April Yayıncılık’ın kurucularından Kemal Egemen İpek: “Yayıncı olmak için yüz kitaba ihtiyaç yokmuş”

Mart 17, 2012

April Yayıncılık’ın kurucularından Kemal Egemen İpek: “Yayıncı olmak için yüz kitaba ihtiyaç yokmuş”

 

 

Yayın dünyasında hoşgörülemez bir cehalet ve özensizlik gördüğünü söyleyen April Yayıncılık’ın kurucularından Kemal Egemen İpek, yeni nesil yayıncılıktan umutlu… 

April Ankara kökenli bir yayınevi… Geçen yıl İstanbul’a geldiniz. Edebiyat ve sanatta İstanbul’un merkez oluşu tartışılmaz. April’i İstanbul’a çeken de bu çekim miydi?

Türkiye’de doğmuş her insan adını duyduğu, silüetini gördüğü andan itibaren bu eşsiz şehrin çekimine giriyor. İyi ve kötü yanları tartışmaya açık olmakla beraber tartışılmayacak bir şey de İstanbul’un Türkiye’nin tek metropolü olduğu. Biz de Ankara kökenli bir yayınevi olarak operasyonlarımızın bir bölümünü İstanbul’a taşıdık. Keyfimiz yerinde. Şimdilik!

Yayın dünyasının genç yayınevlerindensiniz. Her yaşın bir bakış açısı, görüş alanı hatta filtresi, filtresizliği vardır. Piyasaya şöyle bir baktığınızda gözlemledikleriz neler? 

Biz yayıncılığı A’sından Z’sine bir alfabe olarak görüyoruz.
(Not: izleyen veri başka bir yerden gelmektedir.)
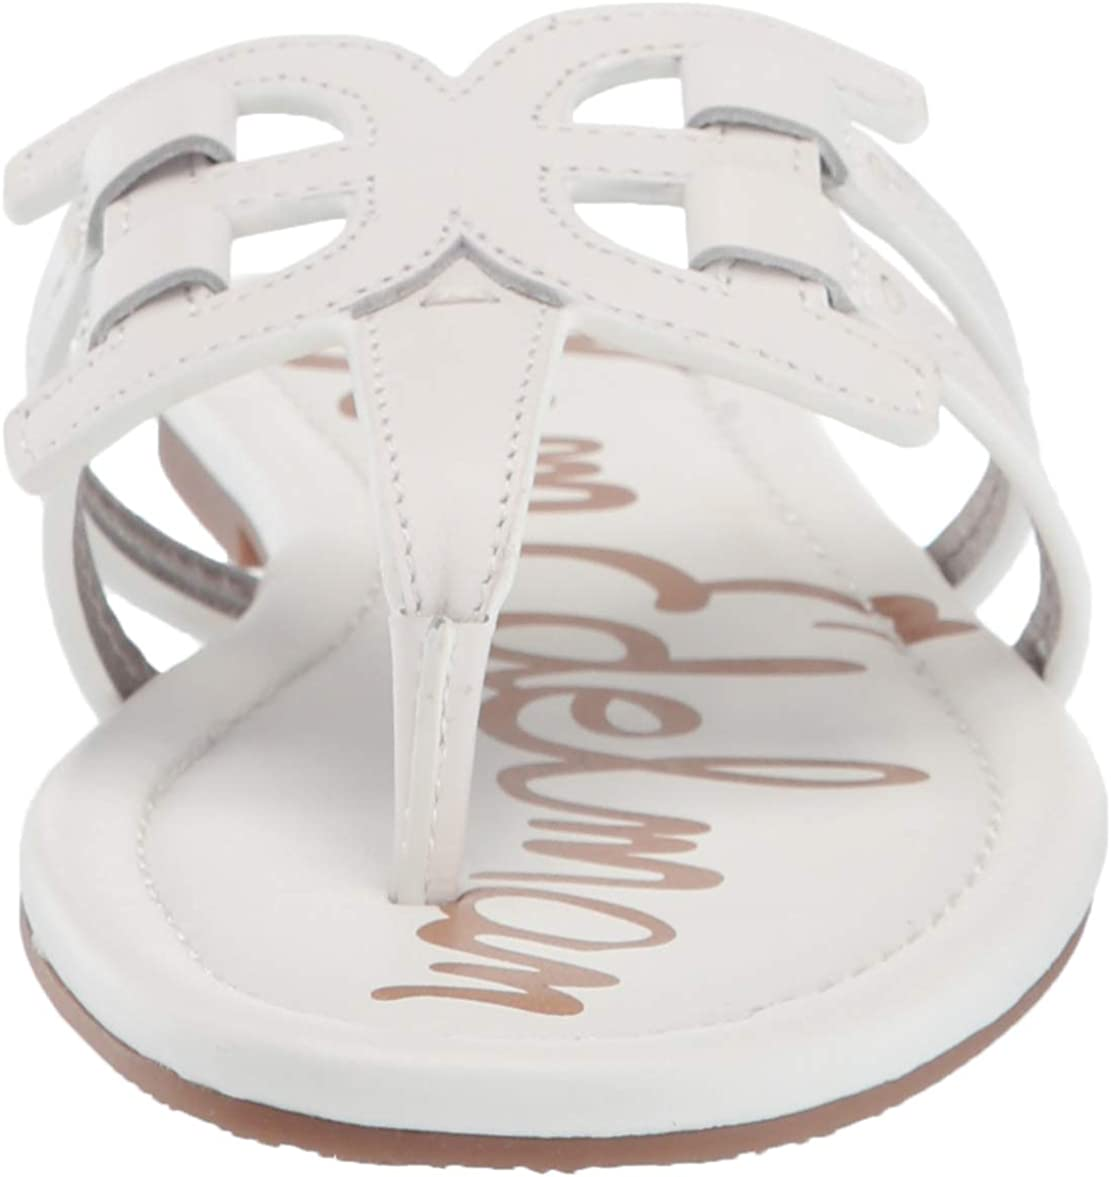 Sam Edelman - Sandales Cara Slide - Pour femme Bright White Leather

Eserin içeriği, editöryal aşaması, eserin adı, kapağı, kapak yazısı, reklam metni, halka ilişkiler çalışması, sosyal medyası, dağıtımı, sergisi… Yani yayınlayacağımız eserle ilgili her bileşeni ayrı ayrı tartışıyor, kararlar alıyoruz. Bu elbette daha çok zaman, daha çok emek anlamına geliyor. Sırf kapak yazısı içimize sinmediği için aylarca geçiktirdiğimiz yayınlarımız oldu. Yayıncılığa başladığımız dönemde büyüklerimiz bize yüz kitap yayınlamadan yayıncıyım demeyin diye akıl veriyorlardı. Bizim şu an yaklaşık seksen yayınımız var, ancak yayınladığı eser başına okur sayısı hesaplandığında Türkiye’nin açık ara lideriyiz. Demek ki yayıncı olmak için yüz kitaba ihtiyaç yokmuş, bir kitap da yayınlasanız, hakkını verdiğiniz sürece, yayıncı olabilirsiniz. 

Genel olarak piyasaya baktığımda ise üzülerek söylemeliyim ki büyük bir cehalet görüyorum. Genellemelerin bu dahil hepsi yanlıştır ancak benim gördüğüm hem yayıncıda, hem yazarda, hem de okurda hoşgörülemez bir özensizlik var. Egolar ve kıskançlıklar arasında harcanan dehşet bir potansiyel. Yine de büyük umutlar besliyorum. Yeni nesil yayıncılar; bu işi sadece ticaret olarak görmeyen, birbirleriyle uğraşmak yerine gözünü ve ruhunu hali hazırda okuma alışkanlığı olmayan %90’a çevirmiş proaktif yayıncılar, yeni nesil yazarlar; sürekli kendini geliştirmeye çalışan, yazdığı her sözcüğü sorgulayan, egolarından arınmış, nabzının dünyayla birlikte atmasına çabalayan yazarlar ve tabii ki yeni nesil bir okur; yargılamak yerine anlamaya çalışan, çok meraklı ve heyecanlı bir okur.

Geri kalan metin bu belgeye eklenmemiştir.